# GOAL OF THE EXERCISE:
Leave out the pictures and retype exactly the lines from the one with "Shark Spartan GT" through the end of the records.
Top of GIVEN DATA
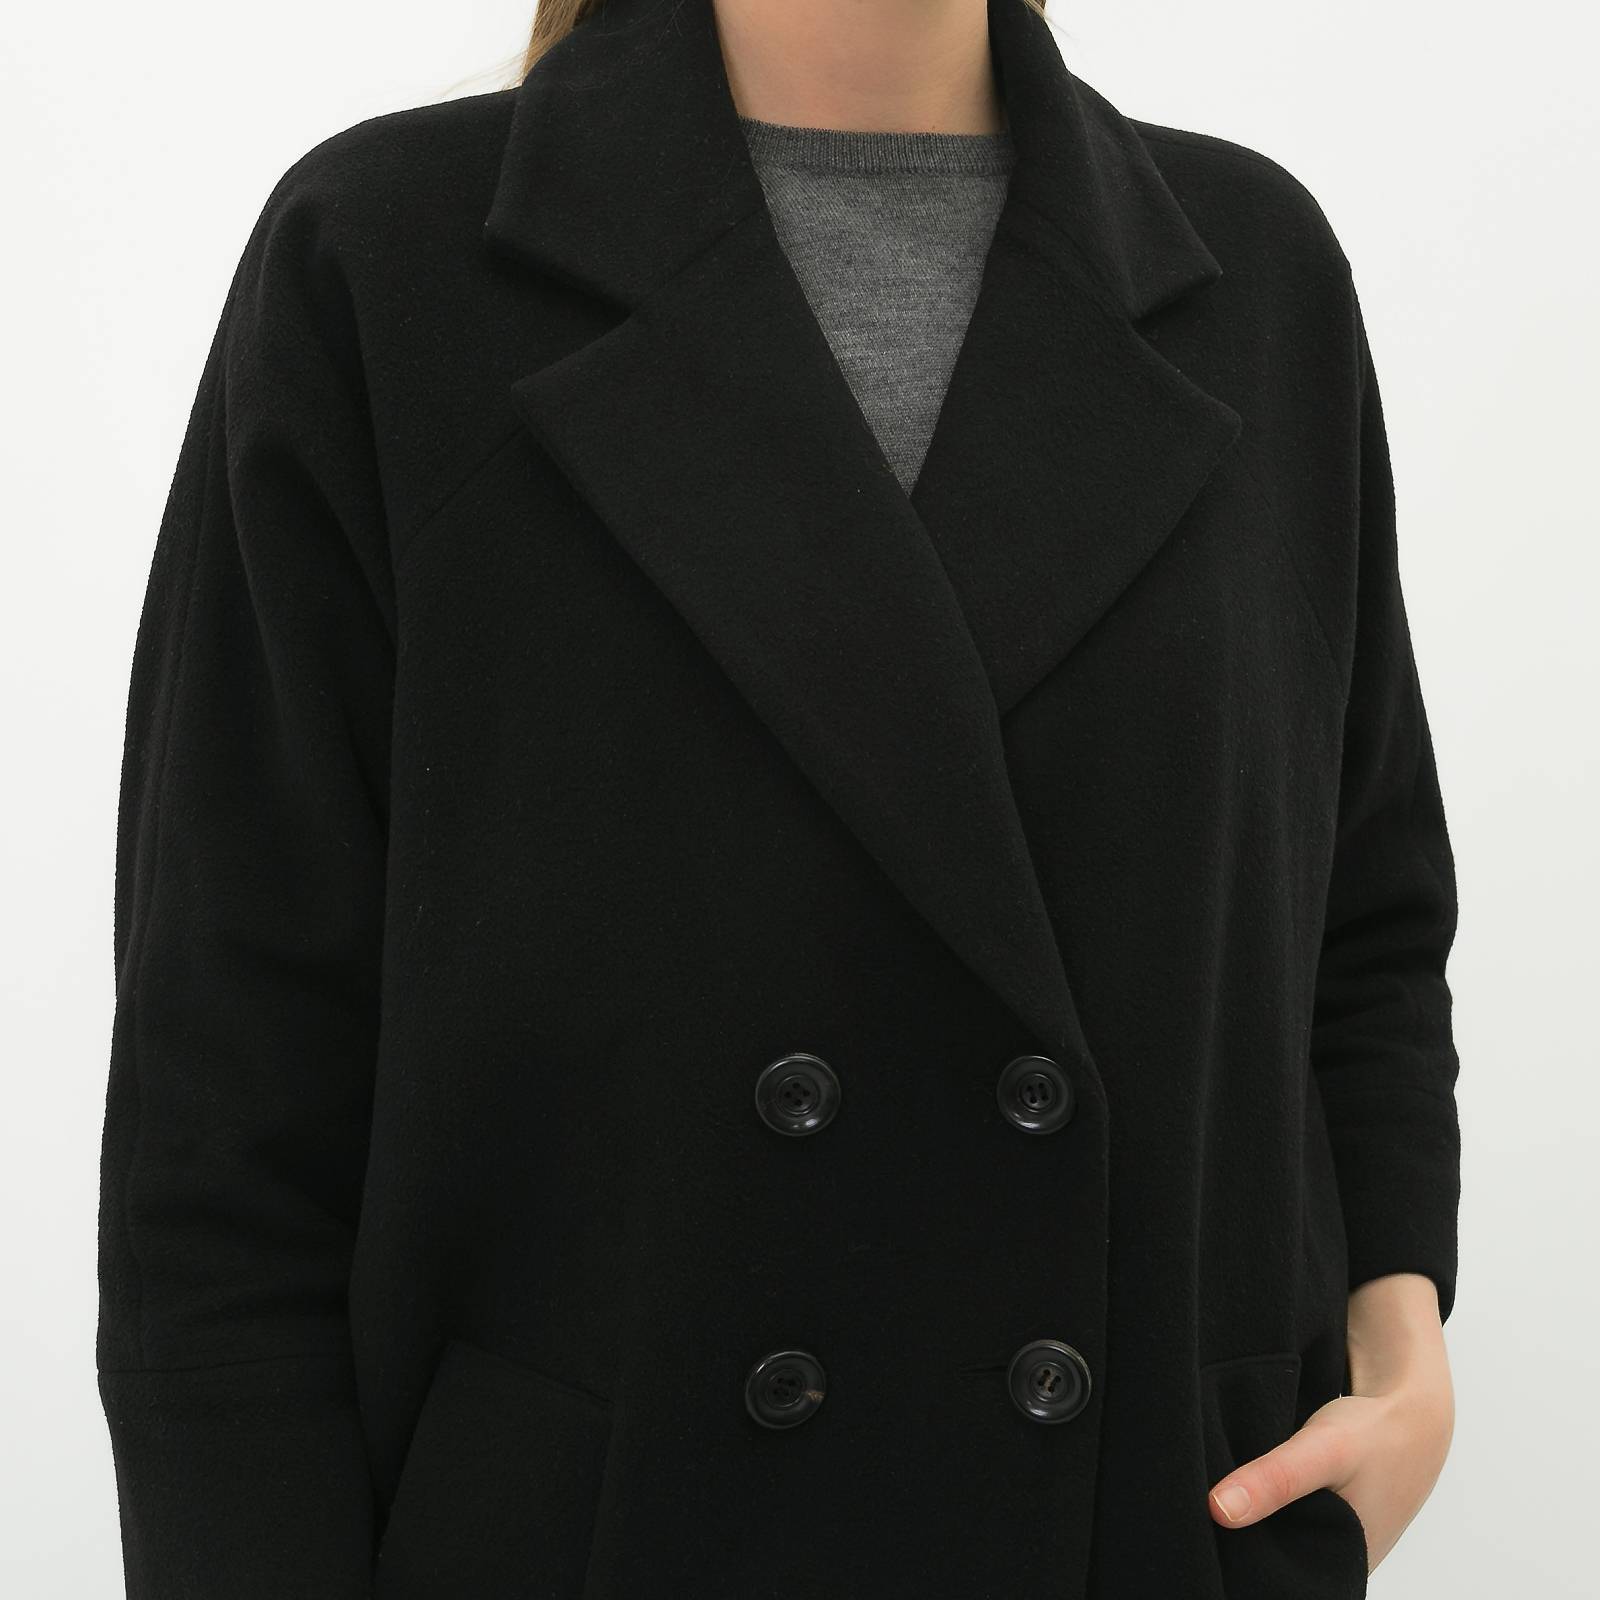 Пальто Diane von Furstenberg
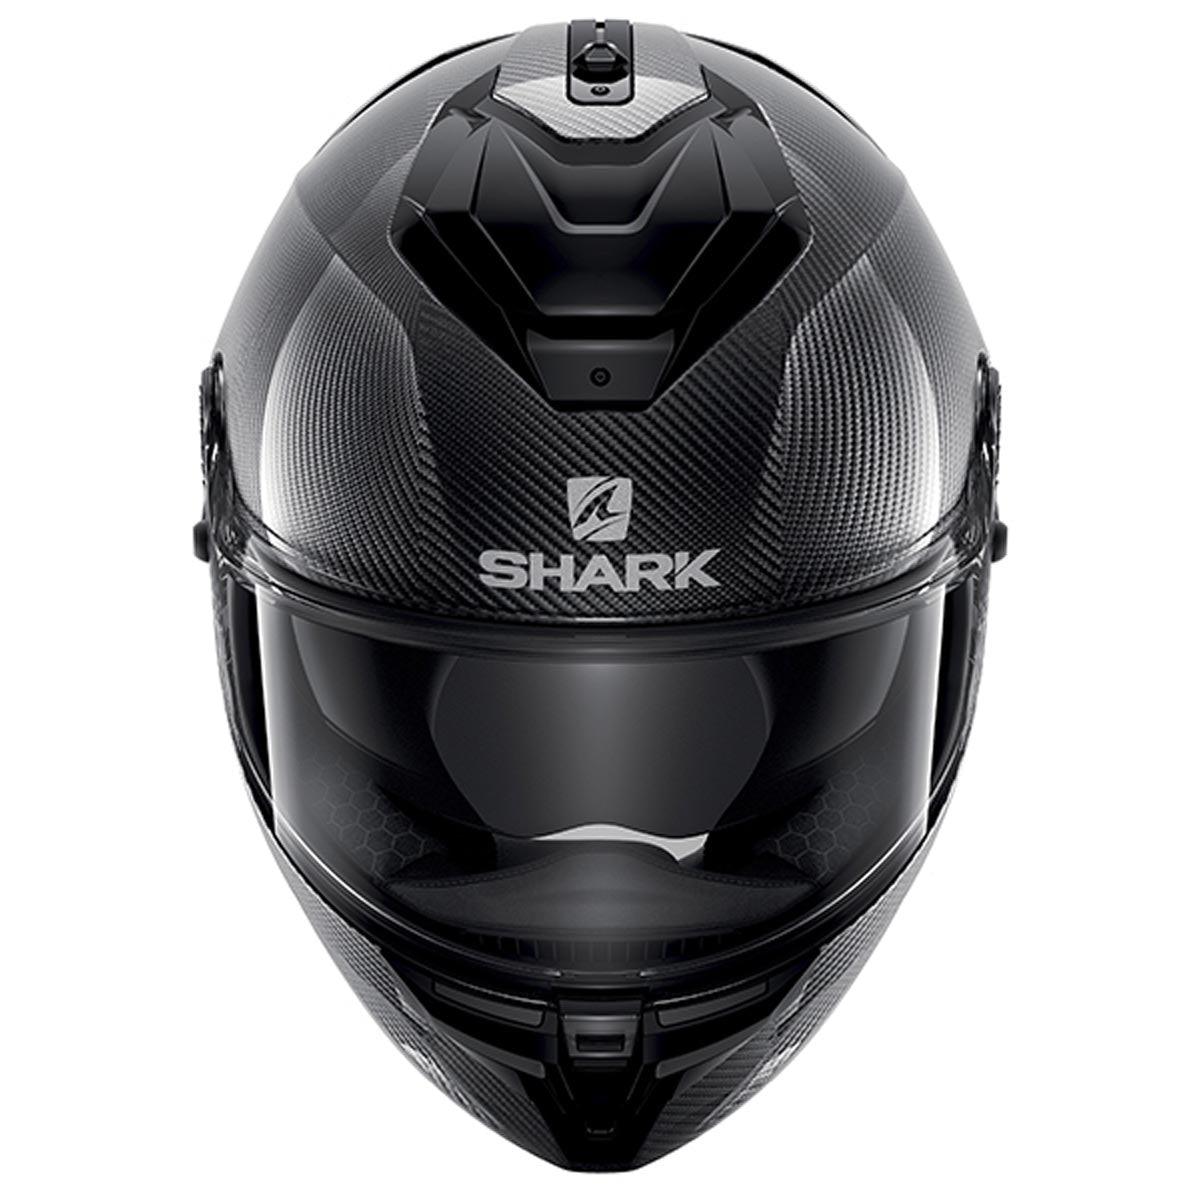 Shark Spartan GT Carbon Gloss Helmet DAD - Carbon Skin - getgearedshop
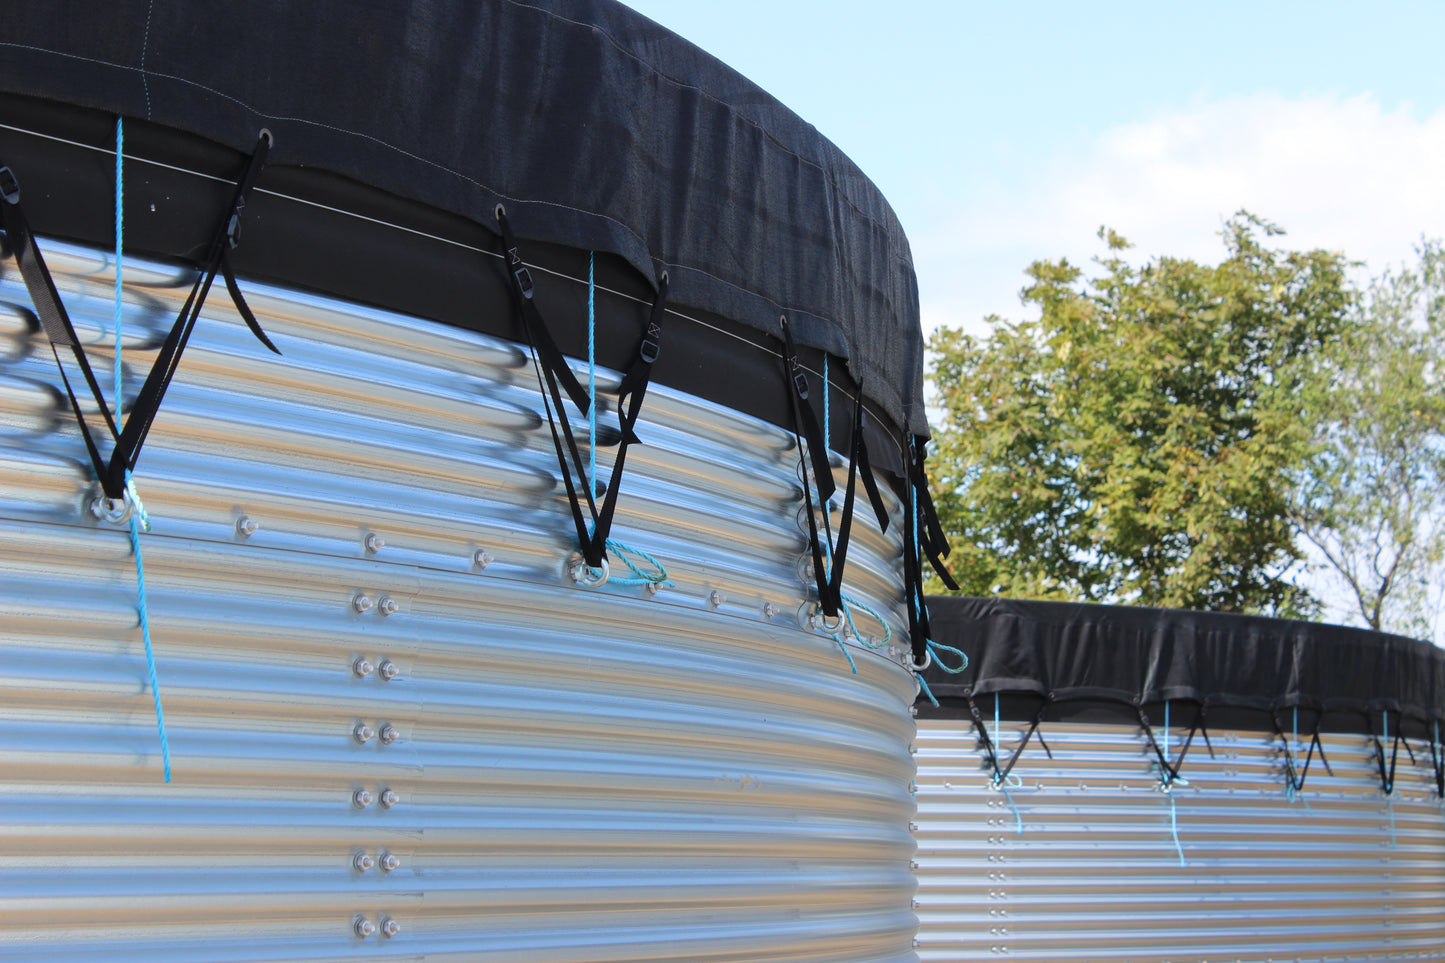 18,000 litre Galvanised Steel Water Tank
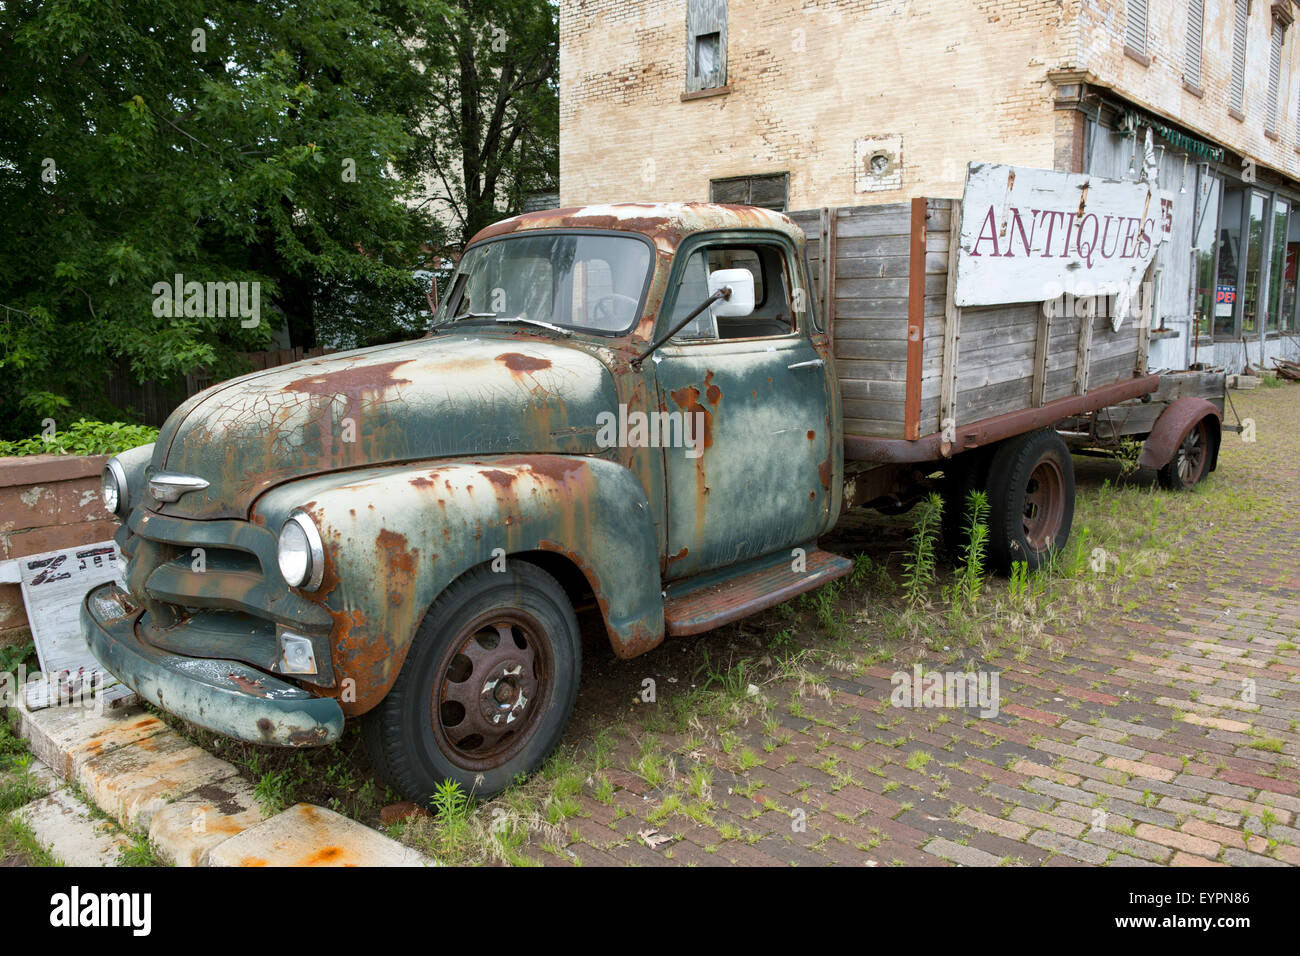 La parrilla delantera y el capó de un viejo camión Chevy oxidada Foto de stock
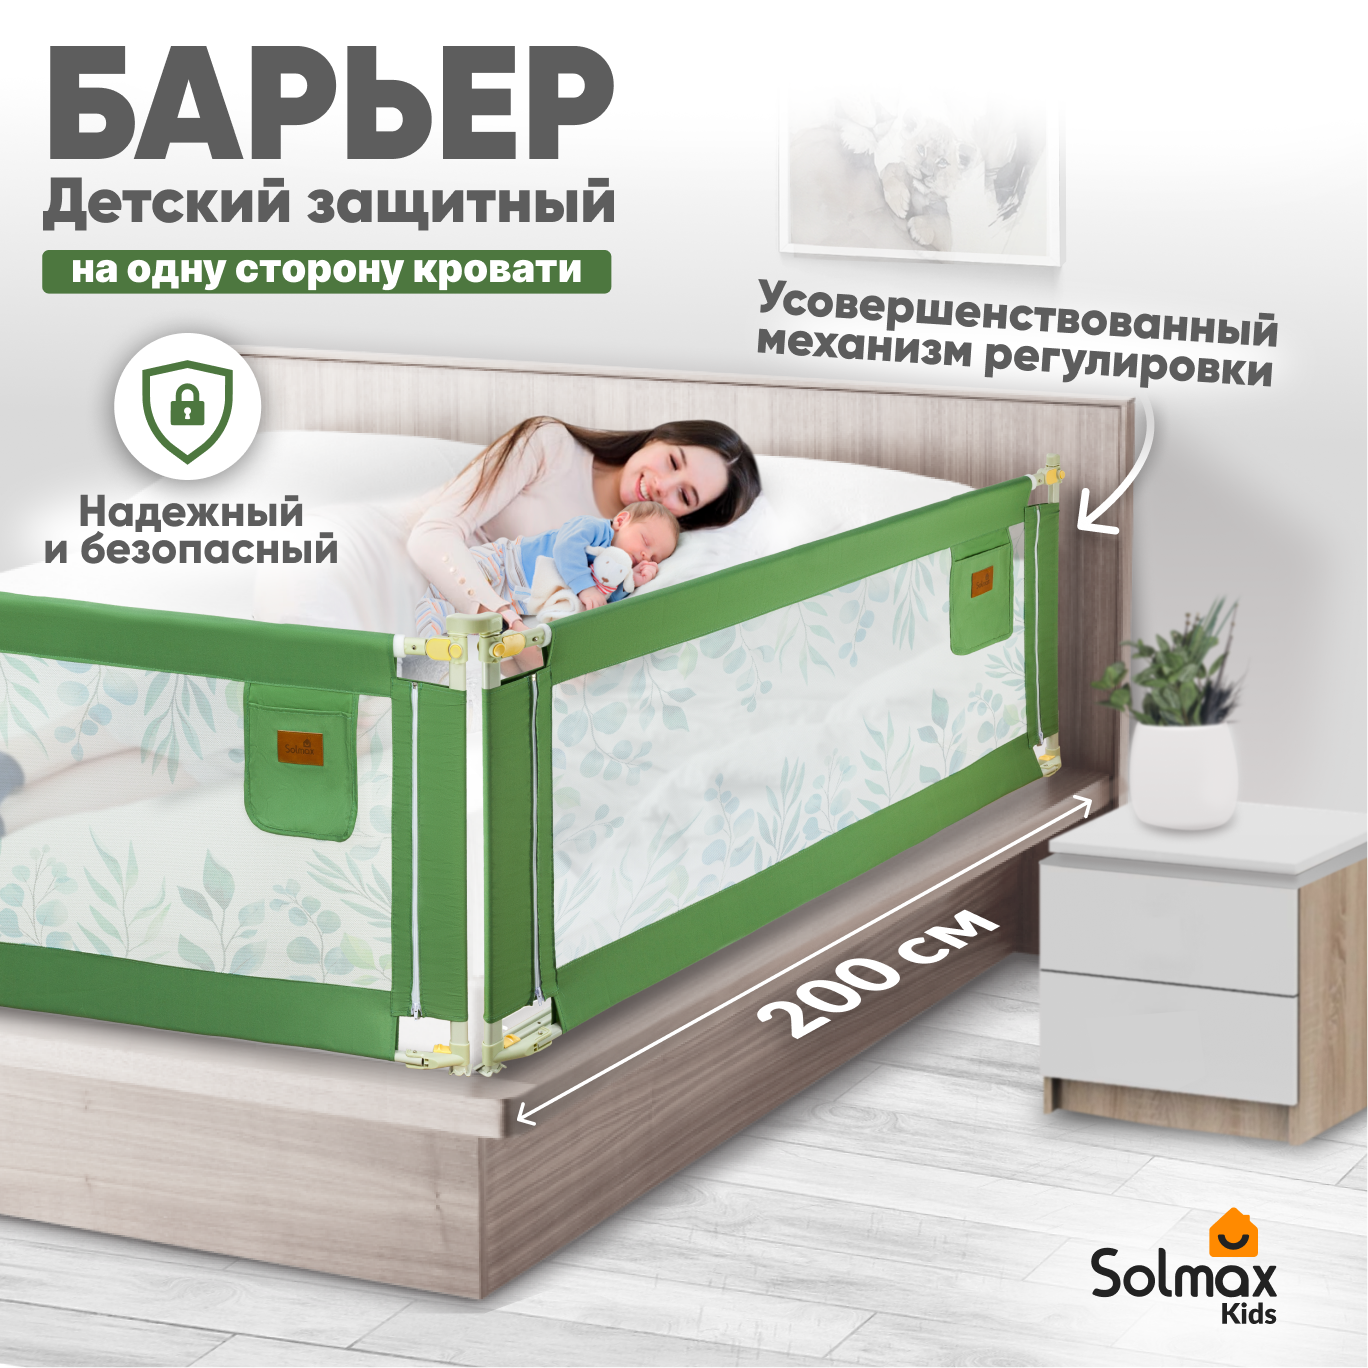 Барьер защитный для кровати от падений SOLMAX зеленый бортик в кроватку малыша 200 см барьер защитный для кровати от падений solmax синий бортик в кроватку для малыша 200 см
Bottom of GIVEN DATA
# ANSWER:
 Shark Spartan GT Carbon Gloss Helmet DAD - Carbon Skin - getgearedshop
 18,000 litre Galvanised Steel Water Tank
 La parrilla delantera y el capó de un viejo camión Chevy oxidada Foto de stock
 Барьер защитный для кровати от падений SOLMAX зеленый бортик в кроватку малыша 200 см барьер защитный для кровати от падений solmax синий бортик в кроватку для малыша 200 см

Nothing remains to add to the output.